Specific formulations and methods of generating suitable dispersions of liquid particles of the invention are described in, e.g., WO 94/20069, U.S. Pat. No. 5,915,378, U.S. Pat. No. 5,960,792, U.S. Pat. No. 5,957,124, U.S. Pat. No. 5,934,272, U.S. Pat. No. 5,915,378, U.S. Pat. No. 5,855,564, U.S. Pat. No. 5,826,570, and U.S. Pat. No. 5,522,385, each of which is hereby incorporated by reference.
The compositions of the invention (e.g., an adenoviral vector that includes a nucleic acid molecule encoding an interferon (e.g., Ad5-conIFN-α)) are preferentially administered intranasally. The Ad5 virus is highly efficient in delivering genes to the epithelial cells of the nasal membranes. Mucosal dosing is efficient because it stimulates both the systemic and mucosal immunity at the portal of entry (see, e.g., Gutierro et al., Vaccine 20:2181-2190, 2002; and Patel et al., J. Infect. Dis. 196:S413-420, 2007). In addition, utilizing live Ad5 virus to deliver the IFN provides an additional route of immune stimulation, thereby acting as an adjuvant in ensuring maximum effect is achieved. Thus, delivering the compositions of the invention to a site where the infectious agent (e.g., a virus) enters will likely result in a lower required dose. Specific instrumentation has been developed to effectively deliver aerosol droplets (diameter >2 um) to this compartment (see, e.g., the Mucosal Atomization Device (MAD300), Wolfe Tory Medical). Droplet (or powdered particle) size is important as aerosols <1 um penetrate further down the respiratory tract and can cause adverse effects.

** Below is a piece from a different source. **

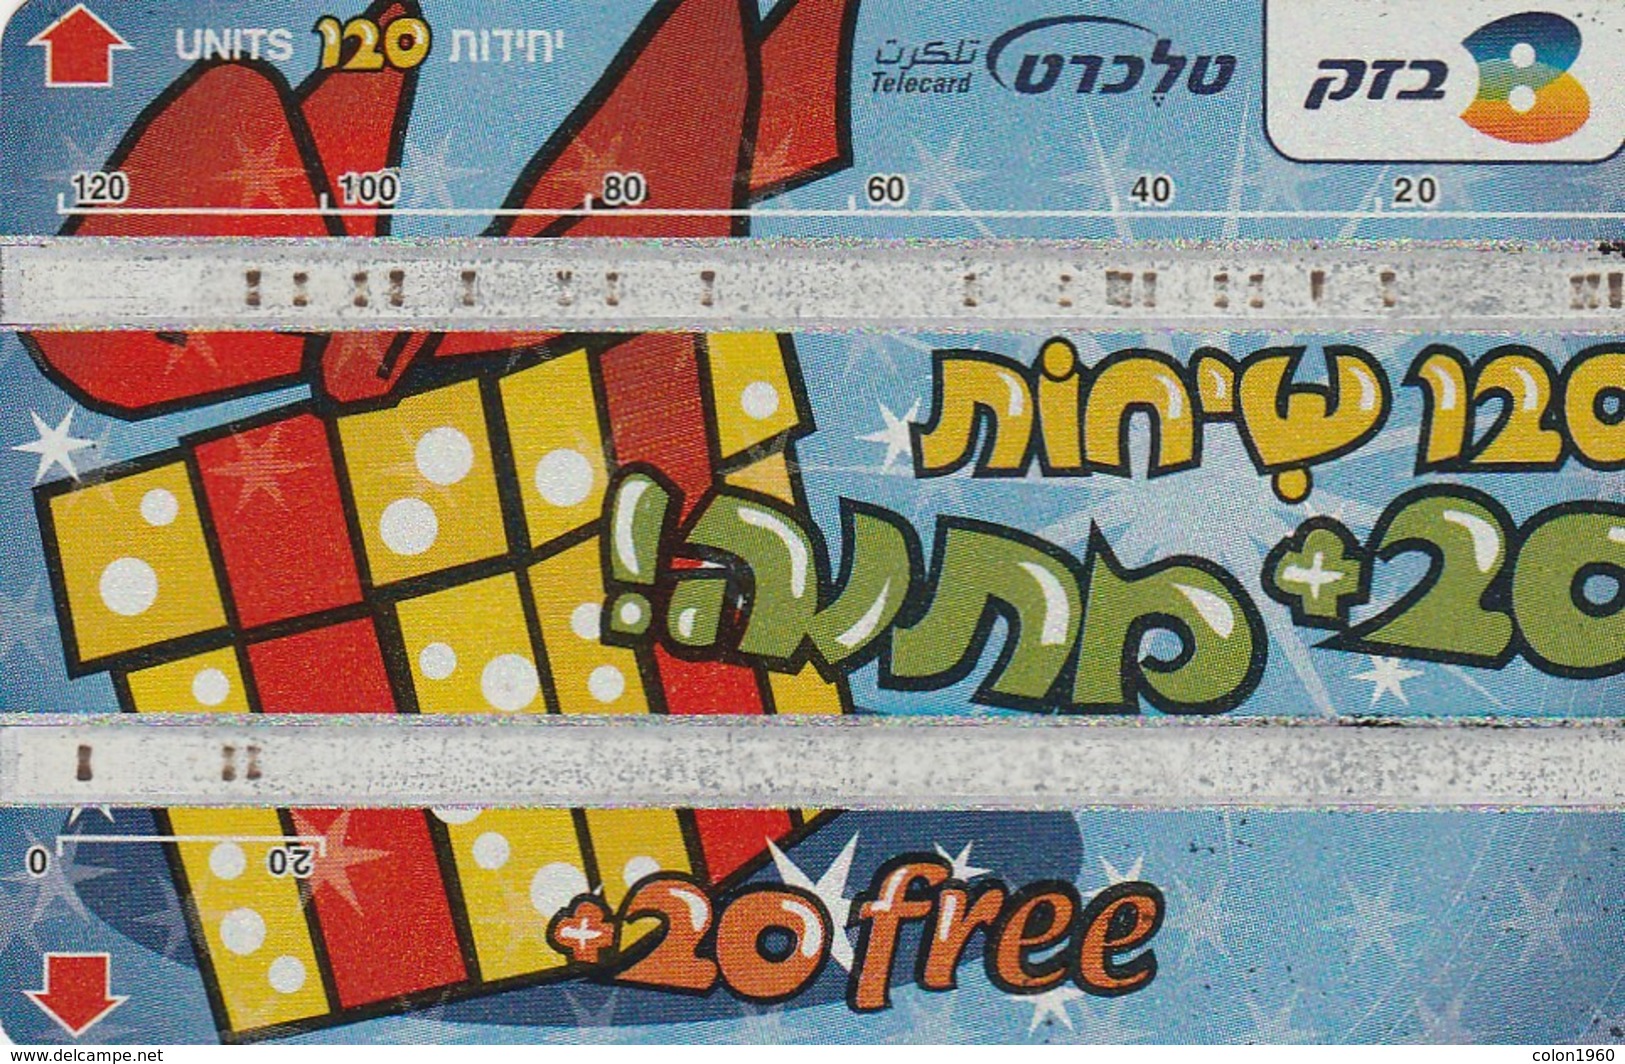 TARJETA TELEFONICA DE ISRAEL. 20 Units Free. 109A. BZ-320. (212). - Israel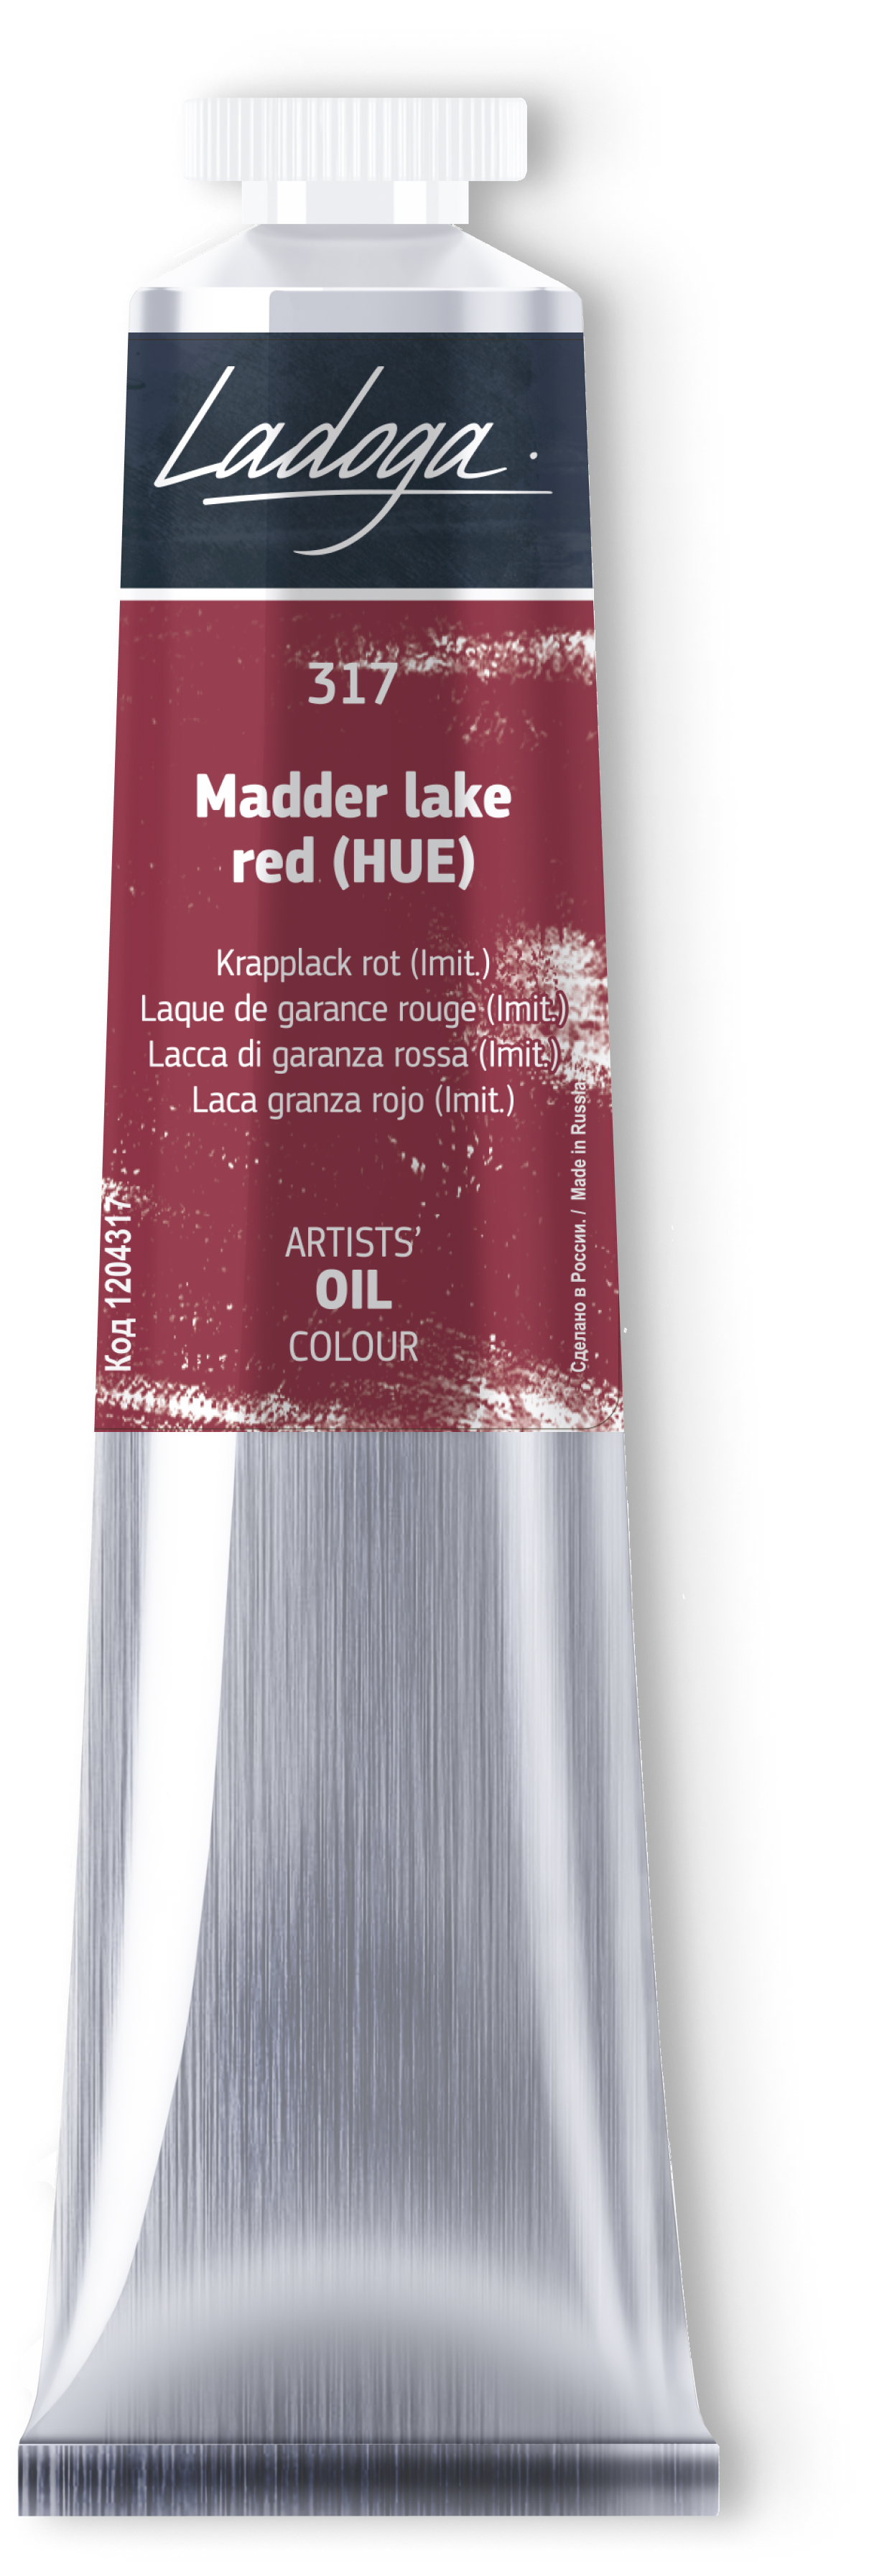 Oil colour "Ladoga", Madder lake red (HUE), tube, № 317

The compositions of the invention can also be delivered in powder form using, e.g., a metered dose inhaler device. This powder may be produced by lyophilization and may also contain a stabilizer such as human serum albumin (HSA). Typically, more than 0.5% (w/w) HSA is added. Additionally, one or more of the following may be added as an excipient to the preparation, if necessary, to enhance one or more features (e.g., to facilitate dispersal of the powder from a device, to increase the shelf-life of the vaccine composition, or to improve the stability of the vaccine composition during lyophilization): monosaccharides such as fructose, maltose, galactose, glucose, D-mannose, sorbose, and the like; disaccharides, such as lactose, sucrose, trehalose, cellobiose, and the like; polysaccharides, such as raffinose, melezitose, maltodextrins, dextrans, starches, and the like; alditols, such as mannitol, xylitol, xylose, maltitol, lactitol, xylitol sorbitol (glucitol), sorbitose, pyranosyl sorbitol, myoinositol and the like; and glycine, CaCl2, hydroxyectoine, ectoine, gelatin, di-myo-inositol phosphate (DIP), cyclic 2,3 diphosphoglycerate (cDPG), 1,1-di-glycerol phosphate (DGP), β-mannosylglycerate (firoin), β-mannosylglyceramide (firoin A), proline betaine and/or derivatives as well as combinations thereof. The amount added to the formulation can range from about 0.01 to 200% (w/w), preferably from approximately 1 to 50% (w/w), and more preferably from about 5 to 30% (w/w) of the vector present. Such formulations are then lyophilized and milled to the desired particle size. The particles of the powder shall have aerodynamic properties in the nasal cavities and lung corresponding to particles with a density of about 1 g/cm2 having a median diameter less than 50 um, preferably between 1.5 and 10 um, more preferably of between 1.8 and 7.0 um, and most preferably from about 2.0 to 4 um. The mean particle diameter can be measured using conventional equipment, such as a Cascade Impactor (Andersen, Ga.).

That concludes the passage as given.